Try it yourself on LeetCode

Big(O) Analysis

Time Complexity

Space Complexity

Optimal Solution

Approach

Here's how the algorithm would work step-by-step:

Go through each square on the map, one by one.
If a square is land and hasn't been visited yet, start exploring it.
As you explore a land mass, keep a running total of the value of each square you find and mark each explored square as visited.
To explore a land mass, look at the squares next to the current one (up, down, left, and right).
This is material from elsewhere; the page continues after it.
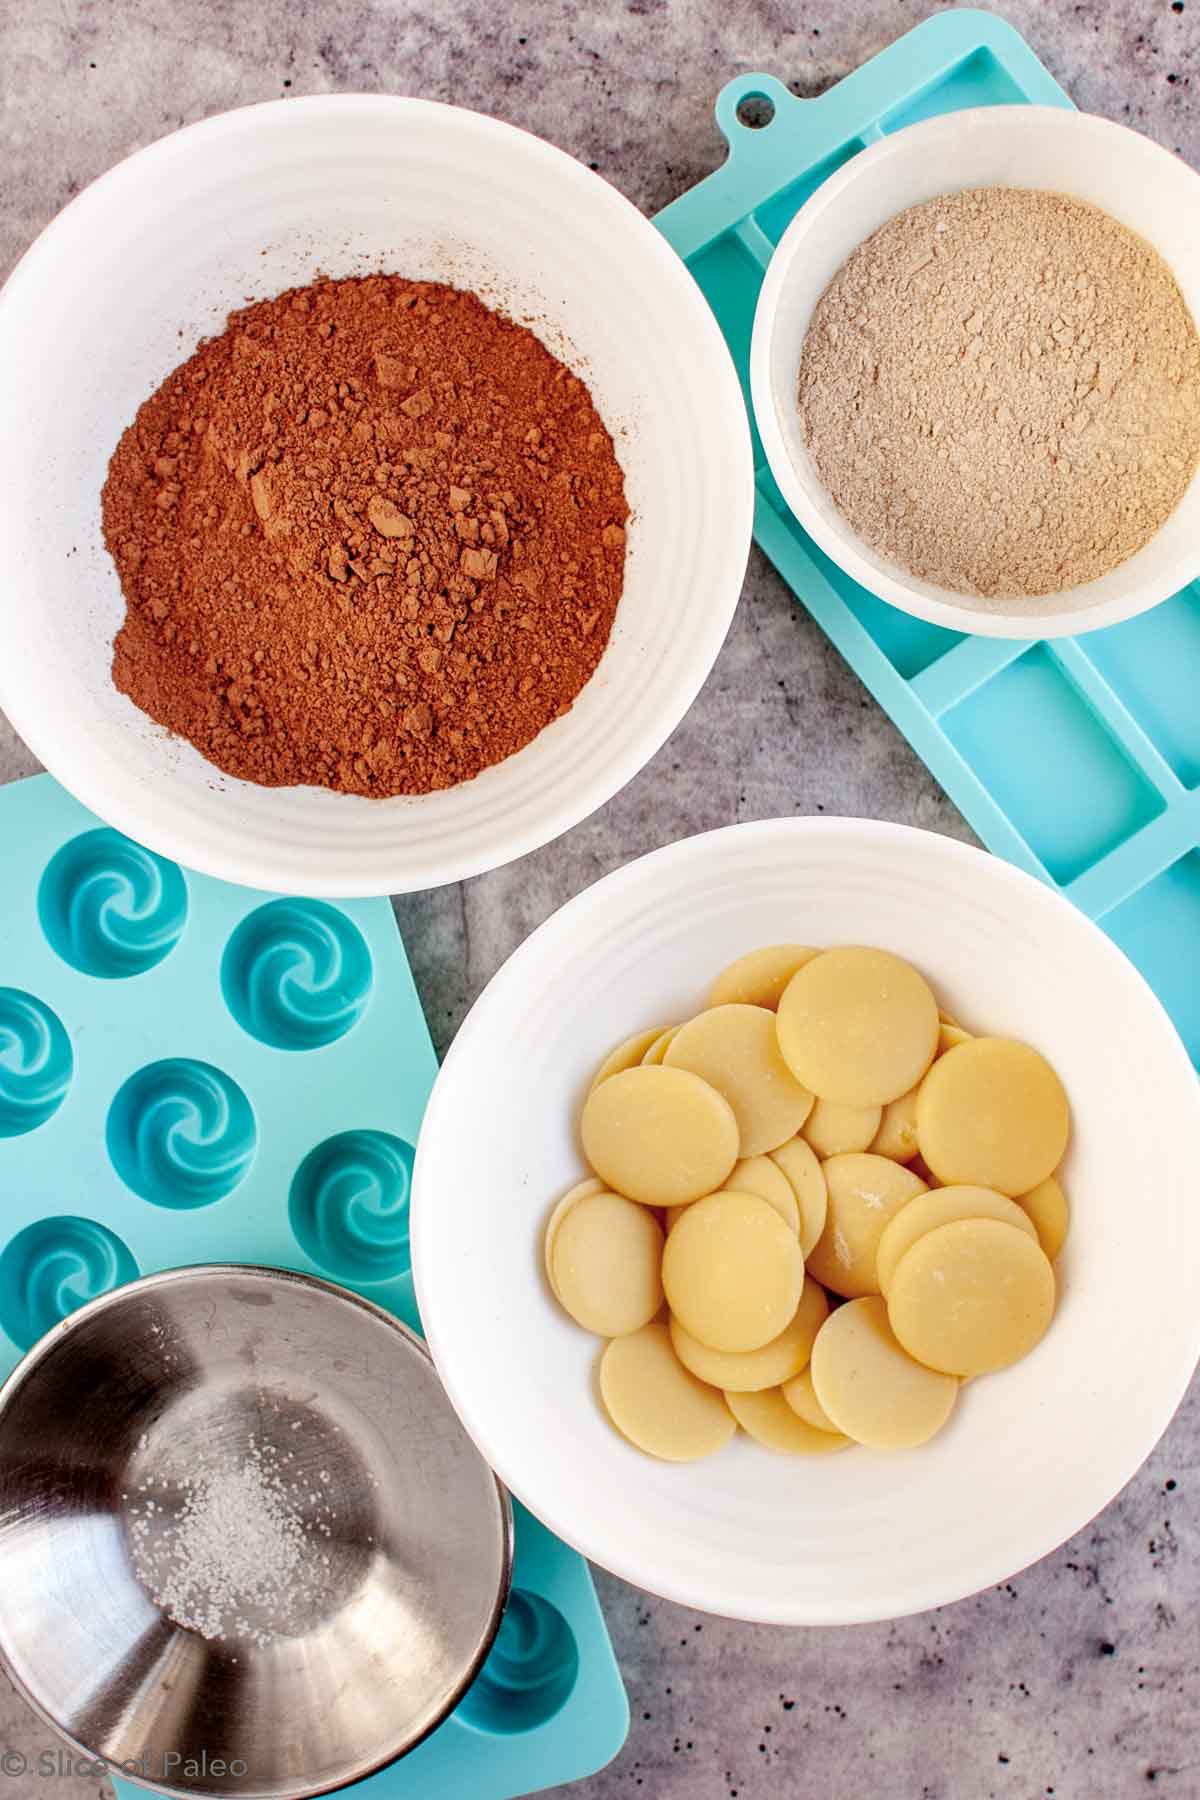 Homemade paleo chocolate ingredients

If they are land and haven't been visited, add them to the land mass and continue exploring from there.
Once you've explored the entire land mass, check if the total value you calculated is divisible by the given number.
If the total value is divisible by the number, increase the counter.
Continue scanning the map, exploring new land masses and checking their total values until you've checked every square.
The final count represents the number of land masses with a total value divisible by the number.

Code Implementation

def count_islands_divisible_by_k(grid, k):
    rows = len(grid)
    cols = len(grid[0])
    visited = [[False] * cols for _ in range(rows)]
    island_count = 0

    def depth_first_search(row, col):
        if row < 0 or row >= rows or col < 0 or col >= cols or visited[row][col] or grid[row][col] == 0:
            return 0

        visited[row][col] = True
        island_value = grid[row][col]

        # Recursively explore neighboring land cells.
        island_value += depth_first_search(row + 1, col)
        island_value += depth_first_search(row - 1, col)
        island_value += depth_first_search(row, col + 1)
        island_value += depth_first_search(row, col - 1)
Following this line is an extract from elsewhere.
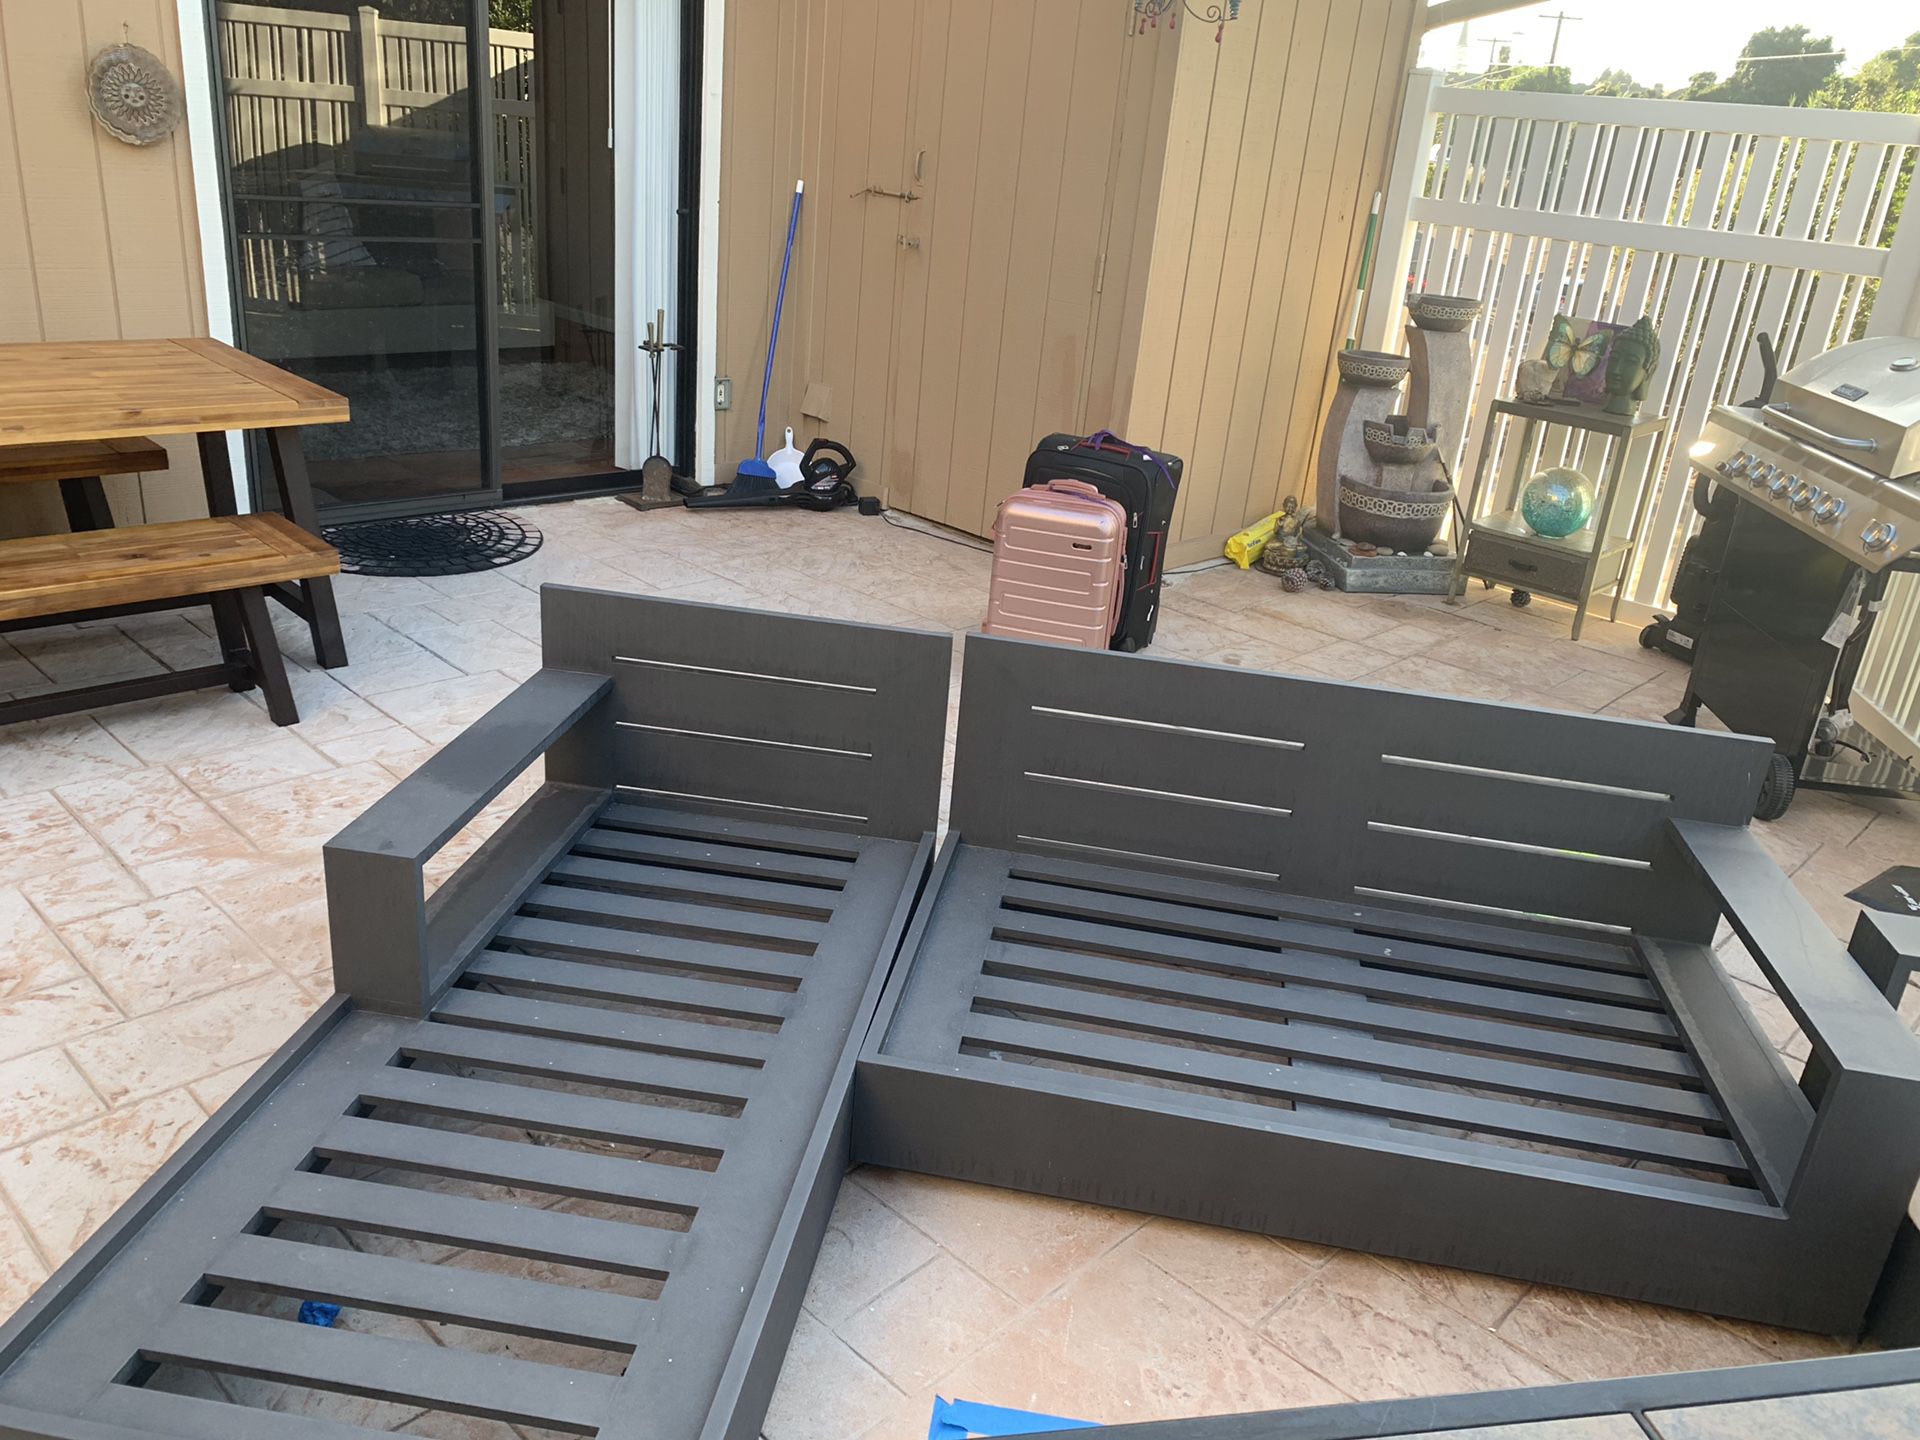 Restoration Hardware outdoor furniture

        return island_value

    for row in range(rows):
        for col in range(cols):
            # Start DFS if it's land and not visited.
            if grid[row][col] != 0 and not visited[row][col]:
                total_island_value = depth_first_search(row, col)

                # Check if the sum is divisible by k.
                if total_island_value % k == 0:
                    island_count += 1

    return island_count

Try it yourself on LeetCode

Big(O) Analysis

Time Complexity

Space Complexity

Edge Cases

Case	How to Handle
Null or empty grid	Return 0 immediately as there are no islands.
Grid with all zero values	Return 0 as no cells have values greater than 0 and hence no islands exist.
Grid with only one cell having a value divisible by K	The single cell forms an island, and if its value is divisible by K, the result is 1.
Grid with a single island whose sum is not divisible by K	The algorithm should correctly identify and return 0.
Large grid where recursion depth might exceed the stack limit	Use an iterative approach (e.g., BFS or DFS with a stack) to avoid stack overflow.
Integer overflow when calculating island sum	Use a larger data type (e.g., long) to store the island sum, or use modular arithmetic during sum calculation.
K is zero	Handle division by zero by returning 0 if K is 0.
Grid contains only one large island that spans nearly the entire grid	Algorithm should efficiently traverse the entire island without errors or performance degradation.